WORK ORDER –
Your task is to restate the listing word for word without the pictures.

THE DATA –
# # #
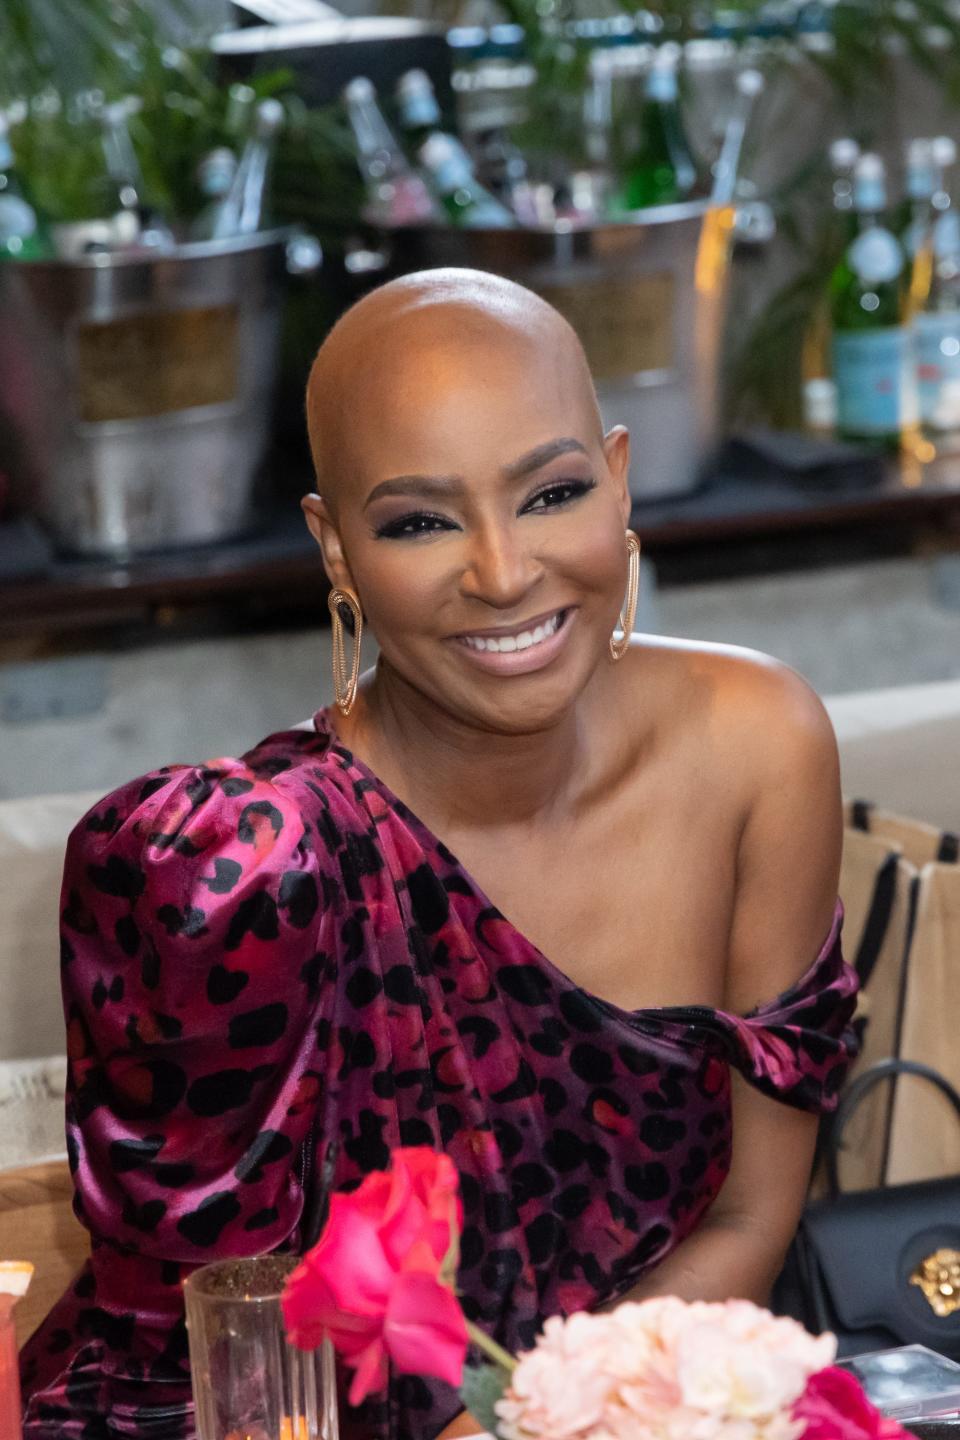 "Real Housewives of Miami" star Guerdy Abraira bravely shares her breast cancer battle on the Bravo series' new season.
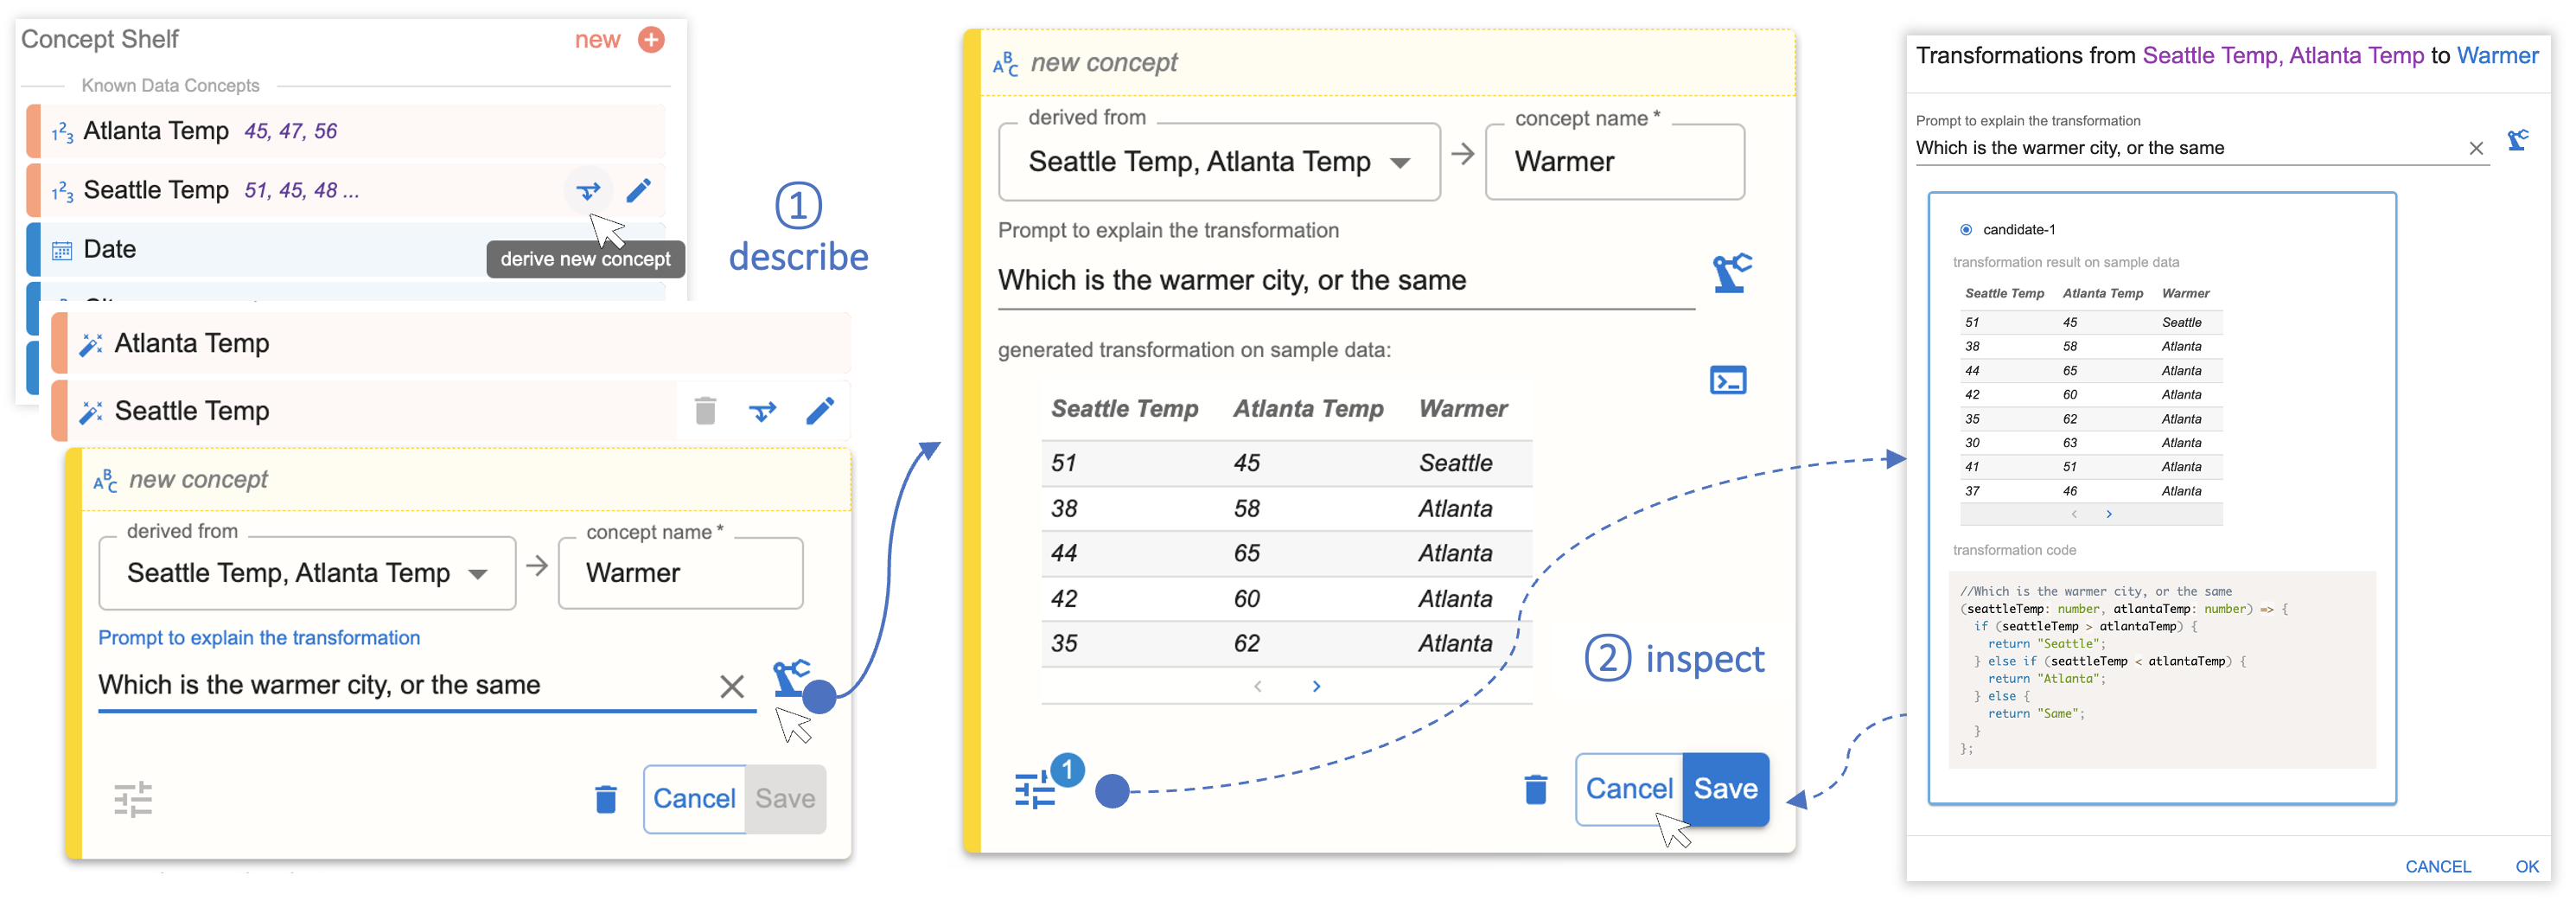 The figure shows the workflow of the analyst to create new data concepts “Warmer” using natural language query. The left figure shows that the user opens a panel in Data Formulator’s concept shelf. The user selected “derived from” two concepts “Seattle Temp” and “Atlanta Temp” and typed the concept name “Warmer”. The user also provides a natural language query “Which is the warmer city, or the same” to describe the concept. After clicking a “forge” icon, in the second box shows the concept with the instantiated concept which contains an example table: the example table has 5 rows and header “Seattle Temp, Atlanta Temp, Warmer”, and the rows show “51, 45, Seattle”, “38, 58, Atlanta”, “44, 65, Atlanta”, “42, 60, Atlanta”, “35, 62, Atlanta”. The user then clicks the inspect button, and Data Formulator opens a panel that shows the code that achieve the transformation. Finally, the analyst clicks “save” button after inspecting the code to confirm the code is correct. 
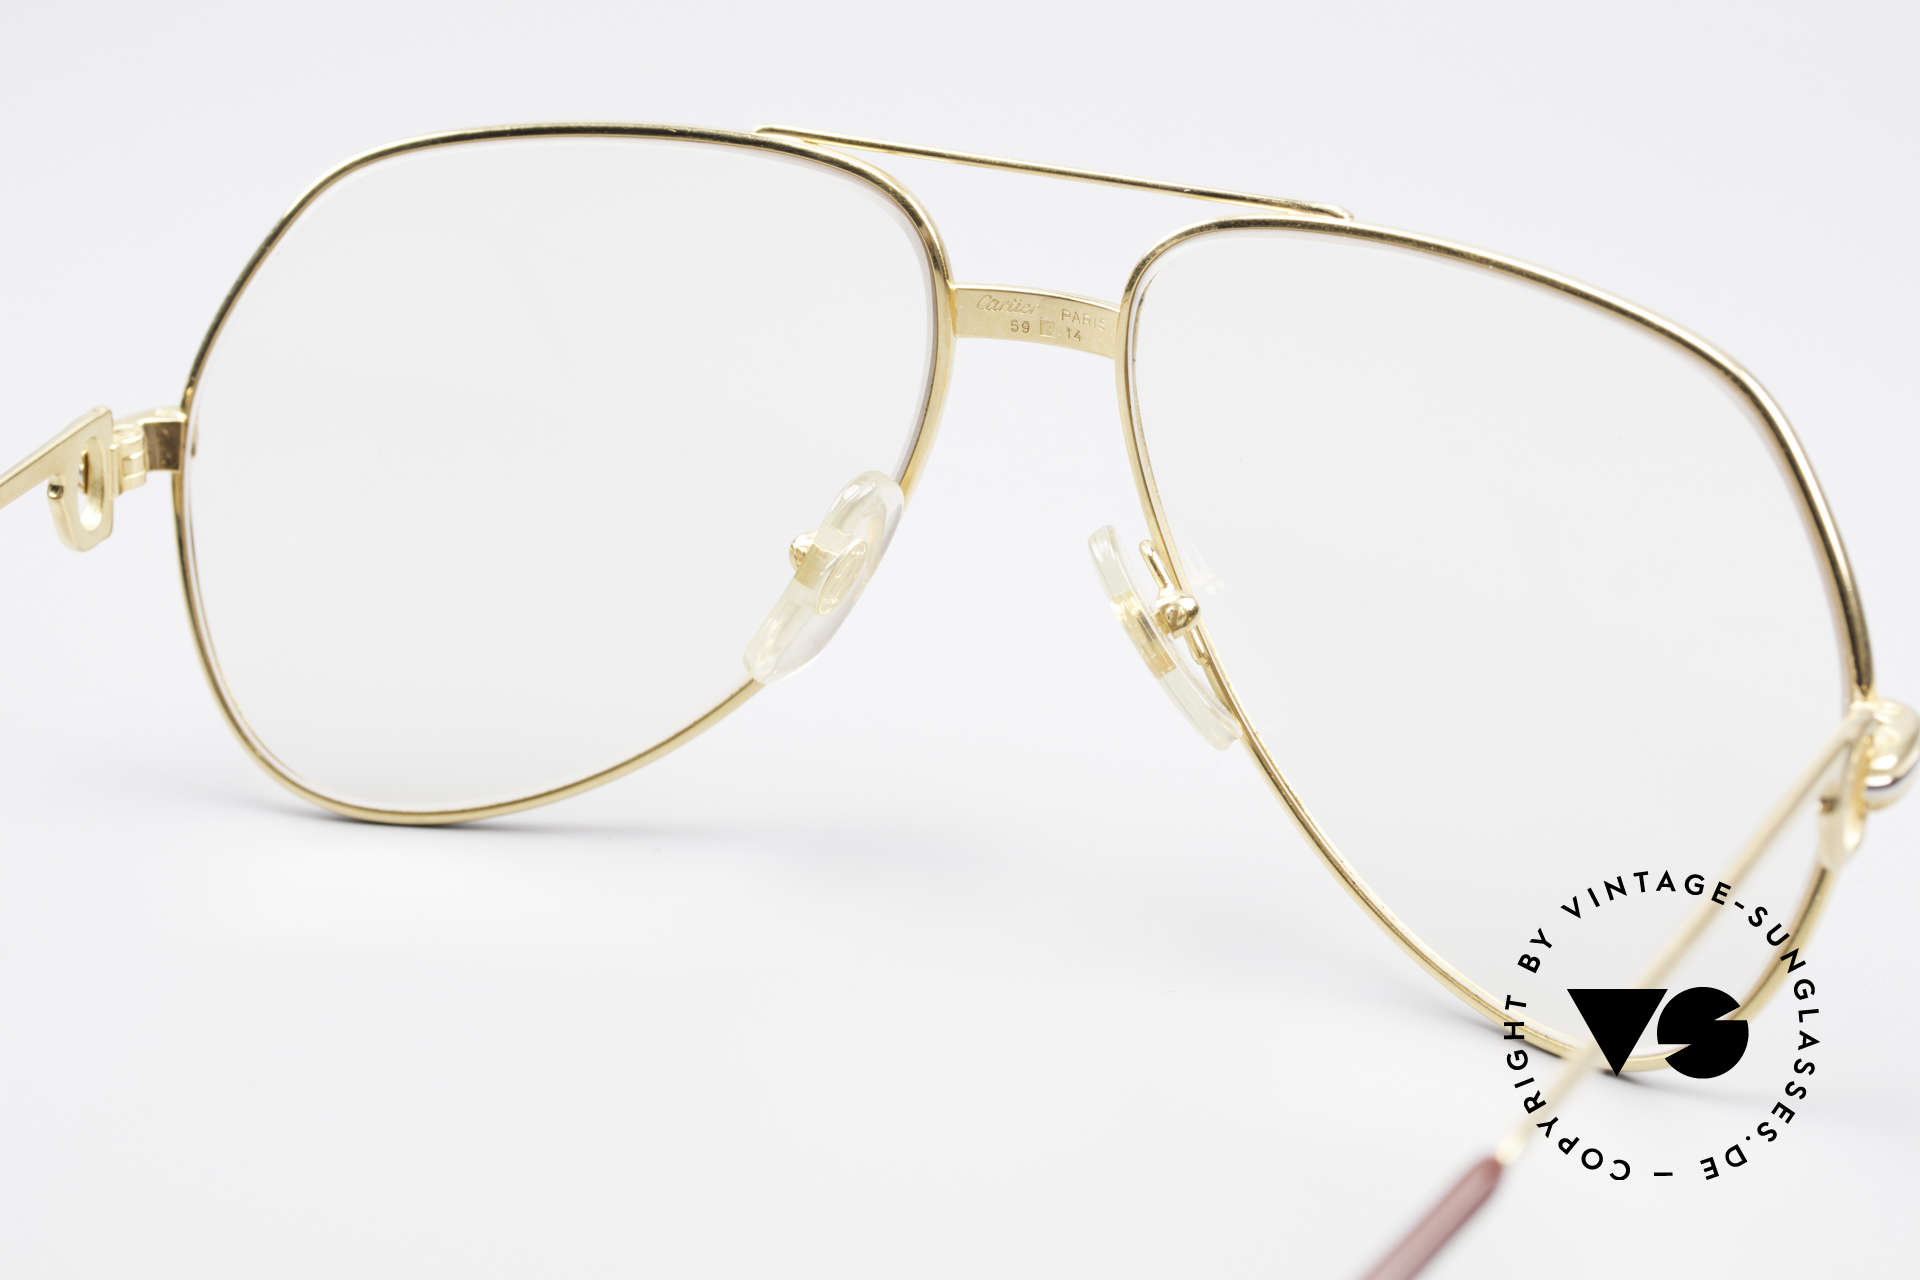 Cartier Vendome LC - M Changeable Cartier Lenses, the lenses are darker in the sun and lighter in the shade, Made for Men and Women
# # #
OUTPUT –
 "Real Housewives of Miami" star Guerdy Abraira bravely shares her breast cancer battle on the Bravo series' new season.
 The figure shows the workflow of the analyst to create new data concepts “Warmer” using natural language query. The left figure shows that the user opens a panel in Data Formulator’s concept shelf. The user selected “derived from” two concepts “Seattle Temp” and “Atlanta Temp” and typed the concept name “Warmer”. The user also provides a natural language query “Which is the warmer city, or the same” to describe the concept. After clicking a “forge” icon, in the second box shows the concept with the instantiated concept which contains an example table: the example table has 5 rows and header “Seattle Temp, Atlanta Temp, Warmer”, and the rows show “51, 45, Seattle”, “38, 58, Atlanta”, “44, 65, Atlanta”, “42, 60, Atlanta”, “35, 62, Atlanta”. The user then clicks the inspect button, and Data Formulator opens a panel that shows the code that achieve the transformation. Finally, the analyst clicks “save” button after inspecting the code to confirm the code is correct. 
 Cartier Vendome LC - M Changeable Cartier Lenses, the lenses are darker in the sun and lighter in the shade, Made for Men and Women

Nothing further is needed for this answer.